** Source data **
____________________

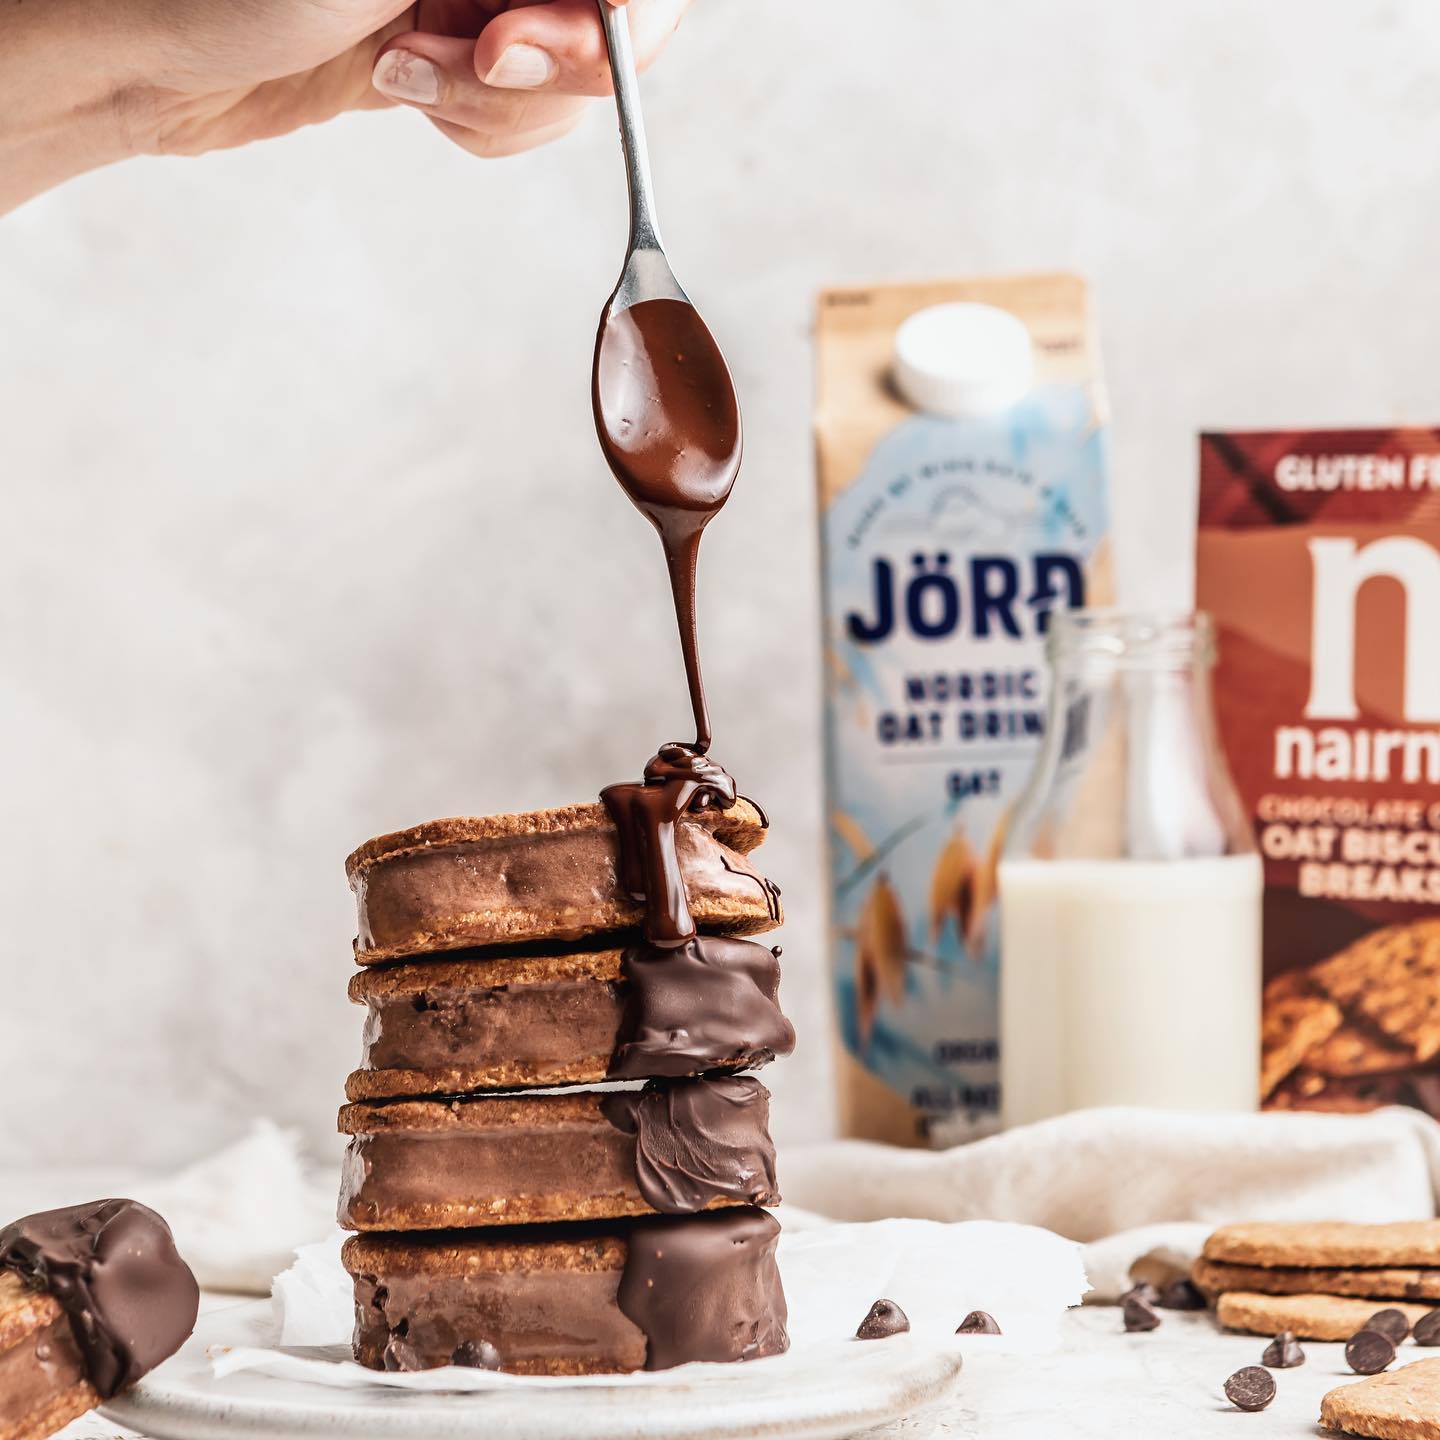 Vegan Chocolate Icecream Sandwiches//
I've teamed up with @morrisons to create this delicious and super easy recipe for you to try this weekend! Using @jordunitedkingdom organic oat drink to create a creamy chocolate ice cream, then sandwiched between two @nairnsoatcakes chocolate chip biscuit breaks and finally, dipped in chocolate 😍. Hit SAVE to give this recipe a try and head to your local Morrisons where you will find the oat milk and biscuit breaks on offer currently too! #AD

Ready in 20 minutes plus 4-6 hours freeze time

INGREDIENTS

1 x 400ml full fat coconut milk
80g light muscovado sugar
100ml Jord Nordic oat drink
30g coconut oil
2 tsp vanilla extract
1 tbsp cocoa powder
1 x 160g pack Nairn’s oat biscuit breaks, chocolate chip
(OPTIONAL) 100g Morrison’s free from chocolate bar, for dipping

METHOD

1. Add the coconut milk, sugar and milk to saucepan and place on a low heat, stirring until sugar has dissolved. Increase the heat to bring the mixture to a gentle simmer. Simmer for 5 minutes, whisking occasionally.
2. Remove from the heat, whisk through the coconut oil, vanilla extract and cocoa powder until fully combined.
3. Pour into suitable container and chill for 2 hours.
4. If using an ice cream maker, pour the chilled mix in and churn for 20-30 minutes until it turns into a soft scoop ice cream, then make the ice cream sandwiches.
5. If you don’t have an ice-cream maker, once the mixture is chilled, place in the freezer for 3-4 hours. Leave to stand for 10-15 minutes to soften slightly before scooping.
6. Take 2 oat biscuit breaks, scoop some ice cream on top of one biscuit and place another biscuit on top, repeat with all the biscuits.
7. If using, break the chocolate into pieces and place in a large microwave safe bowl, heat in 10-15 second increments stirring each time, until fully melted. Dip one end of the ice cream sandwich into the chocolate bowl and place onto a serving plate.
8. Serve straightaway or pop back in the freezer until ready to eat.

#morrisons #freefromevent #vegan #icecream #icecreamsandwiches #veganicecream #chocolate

____________________

** Action item **
Would you filter the records and copy each line that contains the word "heat"?

** Result **
1. Add the coconut milk, sugar and milk to saucepan and place on a low heat, stirring until sugar has dissolved. Increase the heat to bring the mixture to a gentle simmer. Simmer for 5 minutes, whisking occasionally.
2. Remove from the heat, whisk through the coconut oil, vanilla extract and cocoa powder until fully combined.
7. If using, break the chocolate into pieces and place in a large microwave safe bowl, heat in 10-15 second increments stirring each time, until fully melted. Dip one end of the ice cream sandwich into the chocolate bowl and place onto a serving plate.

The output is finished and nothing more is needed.